Long-term, dofetilide was discontinued in 72% of patients, primarily due to recurrent arrhythmias, QT prolongation, or successful ablation. Of note, 32% of patients underwent catheter ablation following dofetilide initiation, with successful ablation in the majority of PVC cases. During a mean follow-up of seven years, 71% of patients on dofetilide experienced recurrent VT/VF, heart transplantation, or death. Event-free survival was comparable between those who could and could not tolerate dofetilide, and multivariable analysis identified diabetes mellitus as an independent predictor of poor outcomes. Dofetilide therapy was not independently associated with the composite outcome of VT/VF recurrence, heart transplantation, or death.
Conclusion
The study’s main findings indicate that while dofetilide was initially successful in treating ventricular arrhythmias (VAs) in approximately 85% of patients, it was discontinued in 70% during long-term follow-up due to either inefficacy or intolerance. Notably, only 34% of patients achieved a clinically significant reduction (≥80%) in premature ventricular contractions (PVCs), and freedom from ventricular tachycardia (VT) was seen in about 40%. However, dofetilide did not significantly reduce the need for device therapies for VAs.
These results align with those from Shantha et al., who also found that dofetilide had limited utility in suppressing VT and PVCs over a two-year follow-up.
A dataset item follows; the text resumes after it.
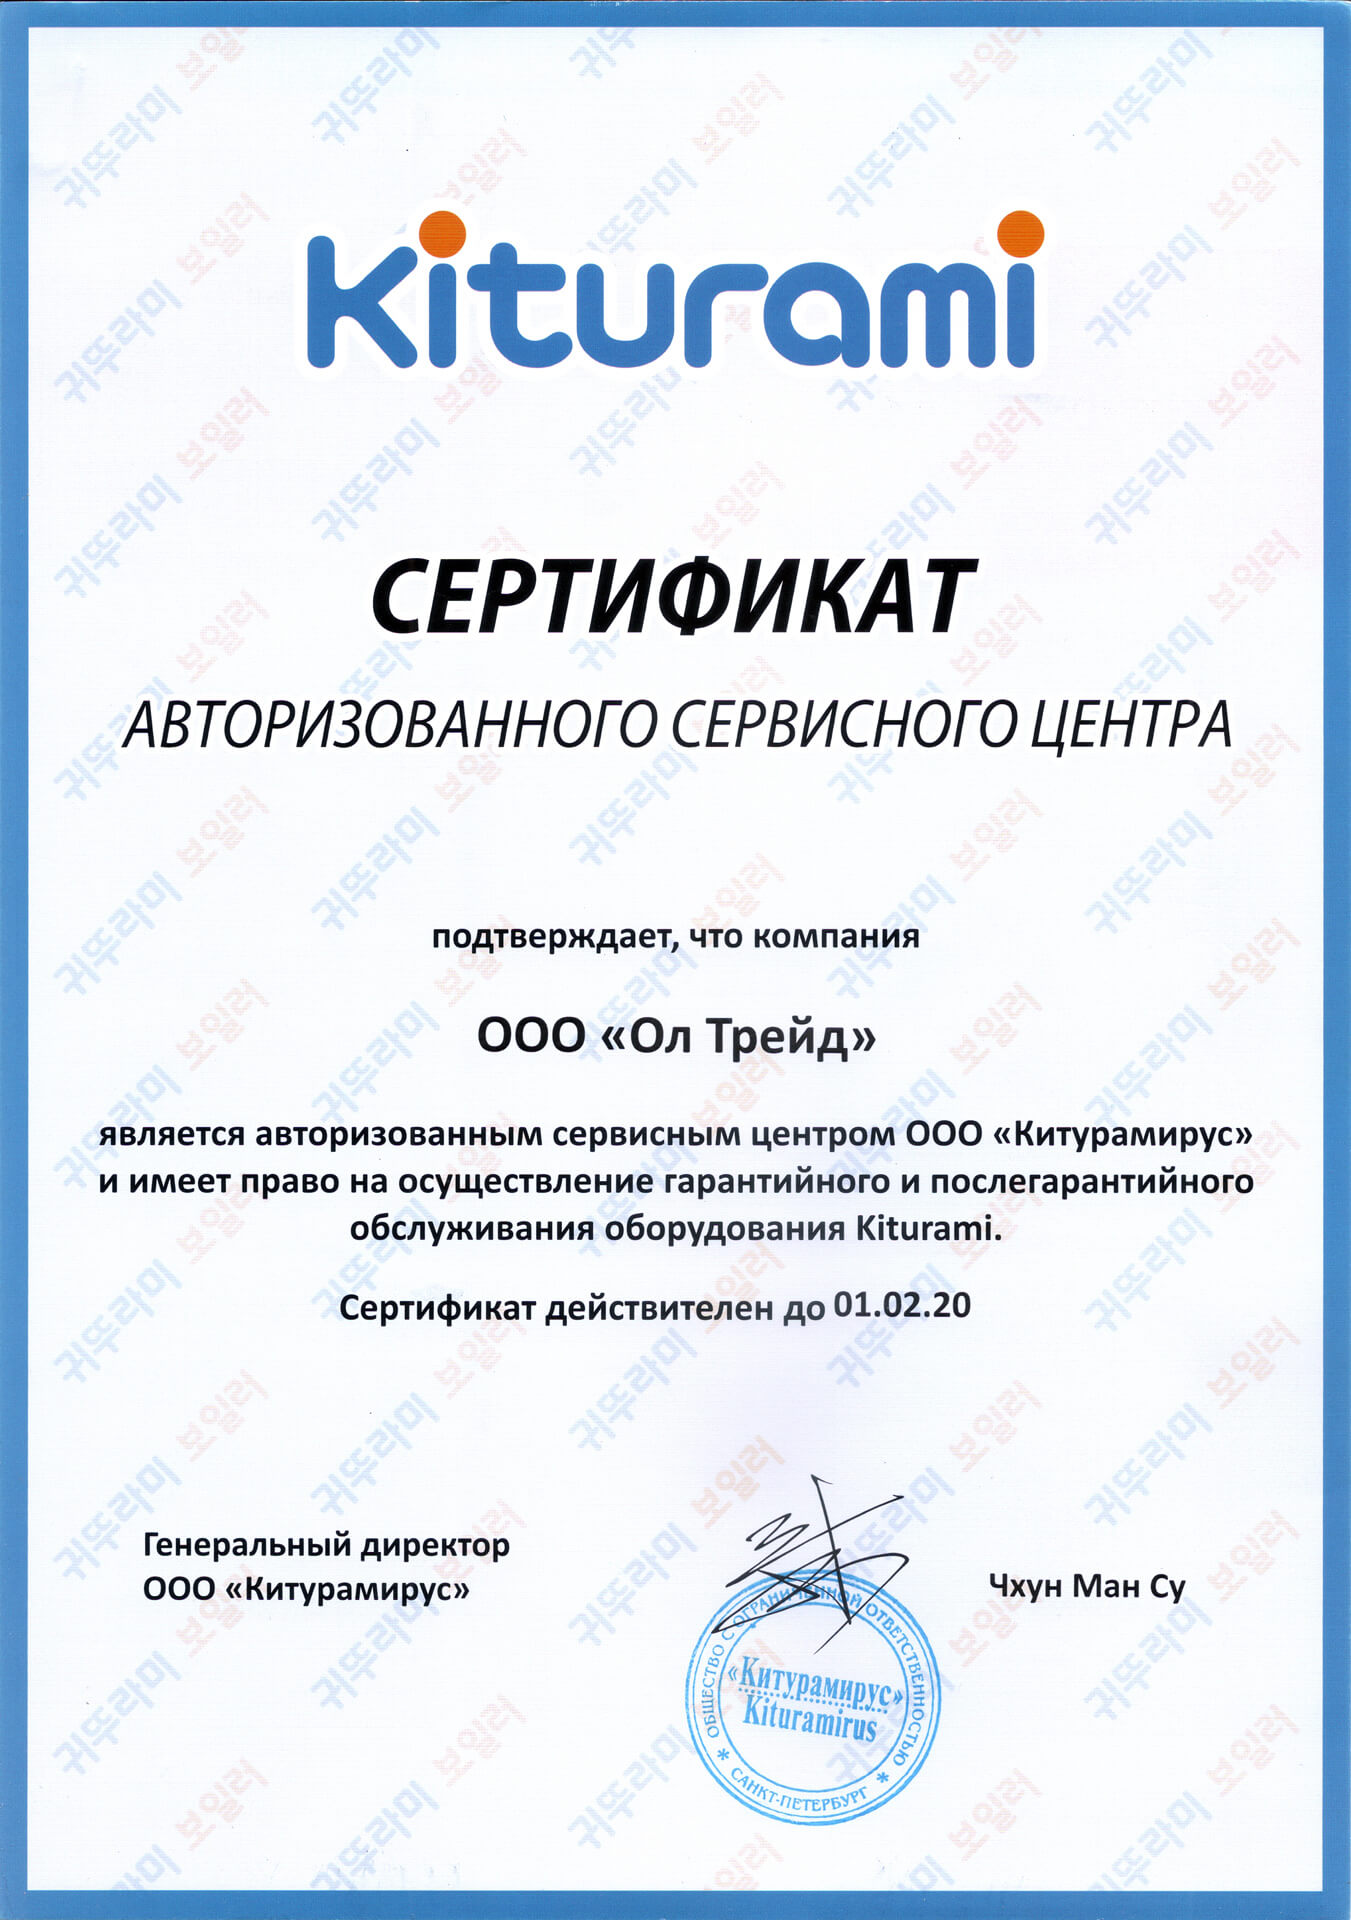 Сертификат KITURAMI

Compared to prior studies, this cohort had a higher rate of discontinuation due to polymorphic VT or QT prolongation (22% versus 12%), and six patients experienced polymorphic VT during follow-up. This suggests that a lower tolerance for QT prolongation during drug loading and continued QT monitoring is crucial, especially as renal function changes.
In terms of efficacy, approximately 50% of patients treated with dofetilide for VT were free from VT requiring ICD shocks during long-term follow-up. This is lower than the VT-free survival rates (>70%) reported in prior studies involving sotalol and amiodarone, suggesting dofetilide may be less effective than these agents. Furthermore, the efficacy of dofetilide in reducing PVCs was lower than that of prior trials, which showed a greater response with higher intravenous doses.
The study has several limitations, including its retrospective nature and the heterogeneity of the patient cohort, many of whom had failed prior antiarrhythmic treatments or catheter ablation. The study also lacked the power to assess efficacy in specific subgroups, and the results may not be applicable to regions where dofetilide is unavailable.
In conclusion, dofetilide demonstrated limited efficacy in treating VAs in patients with structural heart disease, particularly in those who had not responded to other antiarrhythmic therapies or catheter ablation. However, it may still be considered as a treatment option in specific cases where alternatives are unavailable. With careful monitoring, long-term use of dofetilide appears safe in this patient population.